= SSAE 16 =

American auditing standard for service organizations

Statement on Standards for Attestation Engagements no. 16 (SSAE 16) is an auditing standard for service organizations, produced by the American Institute of Certified Public Accountants (AICPA) Auditing Standards Board, which supersedes Statement on Auditing Standards no. 70 (SAS 70) and has been superseded by SSAE No. 18.

The "service auditor’s examination" of SAS 70 is replaced by a System and Organization Controls (SOC) report. SSAE 16 was issued in April 2010, and became effective in June 2011. Many organizations that followed SAS 70 have now shifted to SSAE 16. Some service organizations use the SSAE 16 report status to show they are more capable, and also encourage their prospective end-users to make having an SSAE 16 a standard part of new vendor selection criteria.

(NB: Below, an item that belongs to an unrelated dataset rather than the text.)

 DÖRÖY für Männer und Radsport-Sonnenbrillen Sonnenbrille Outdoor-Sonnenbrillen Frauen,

SSAE 16 mirrors the International Standard on Assurance Engagements (ISAE) 3402. Similarly, SSAE 16 has two different kinds of reports. A SOC 1 Type 1 report is an independent snapshot of the organization's control landscape on a given day. A SOC 1 Type 2 report adds a historical element, showing how controls were managed over time. The SSAE 16 standard requires a minimum of six months of operation of the controls for a SOC 1 Type 2 report.

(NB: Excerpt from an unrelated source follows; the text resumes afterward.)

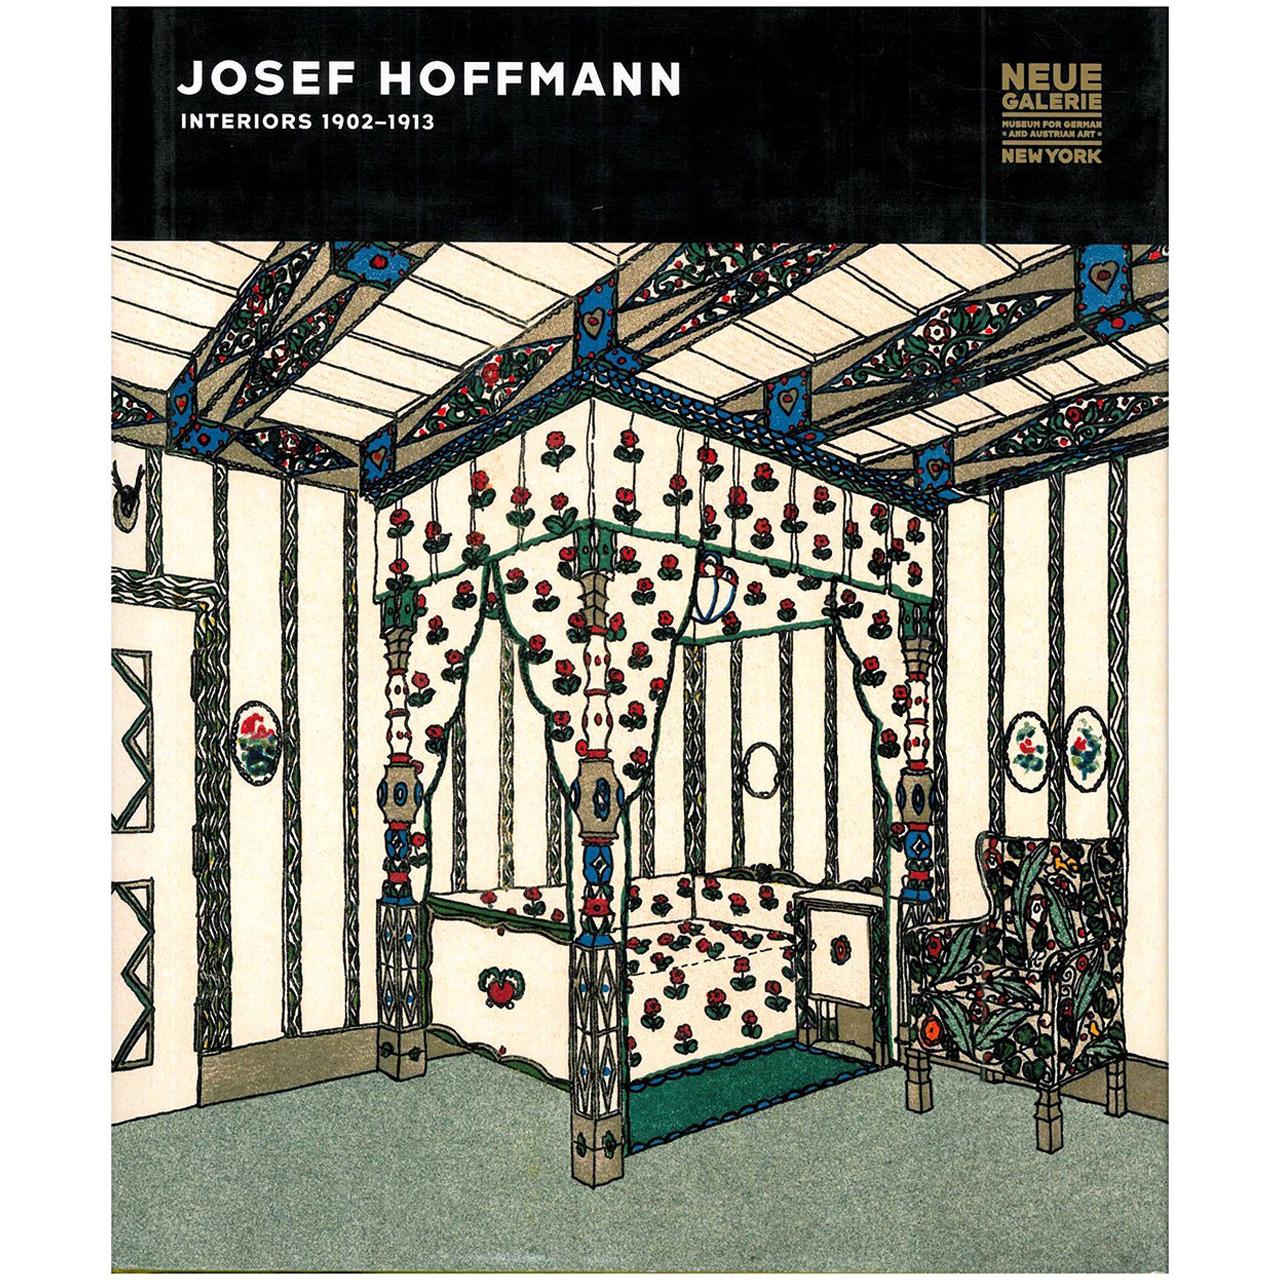 Josef Hoffmann : Interiors 1902-1913 (Livre)

Public companies in the United States fall under the Public Company Accounting Reform and Investor Protection Act, also known as Sarbanes–Oxley or SOX. However, there are also a number of provisions of the Act (e.g. the willful destruction of evidence to impede a federal investigation) that apply to privately held companies. SSAE 16 reporting can help service organizations comply with Sarbanes–Oxley's requirement (section 404) to show effective internal controls covering financial reporting. It can also be applied to data centers or any other service that might be used in the delivery of financial reporting.

For reports that are not specifically focused on internal controls over financial reporting, the American Institute of Certified Public Accountants (AICPA) has issued an Interpretation under AT Section 101 permitting service auditors to issue reports. These reports will now be considered SOC 2 audits and focus on controls at a service organization relevant to security, availability, processing integrity, confidentiality, or privacy.
SSAE 16 provides guidance on an auditing method, rather than mandating a specific control set. In this respect, it is similar to ISO 27001:2013.

== Technology services ==
In technology SaaS companies, the SOC 2 audit is purchased to provide an assurance on various aspects of the software including security, availability, and processing integrity.

Modern SaaS organizations often use compliance automation platforms to maintain "audit-readiness" by continuously monitoring these controls.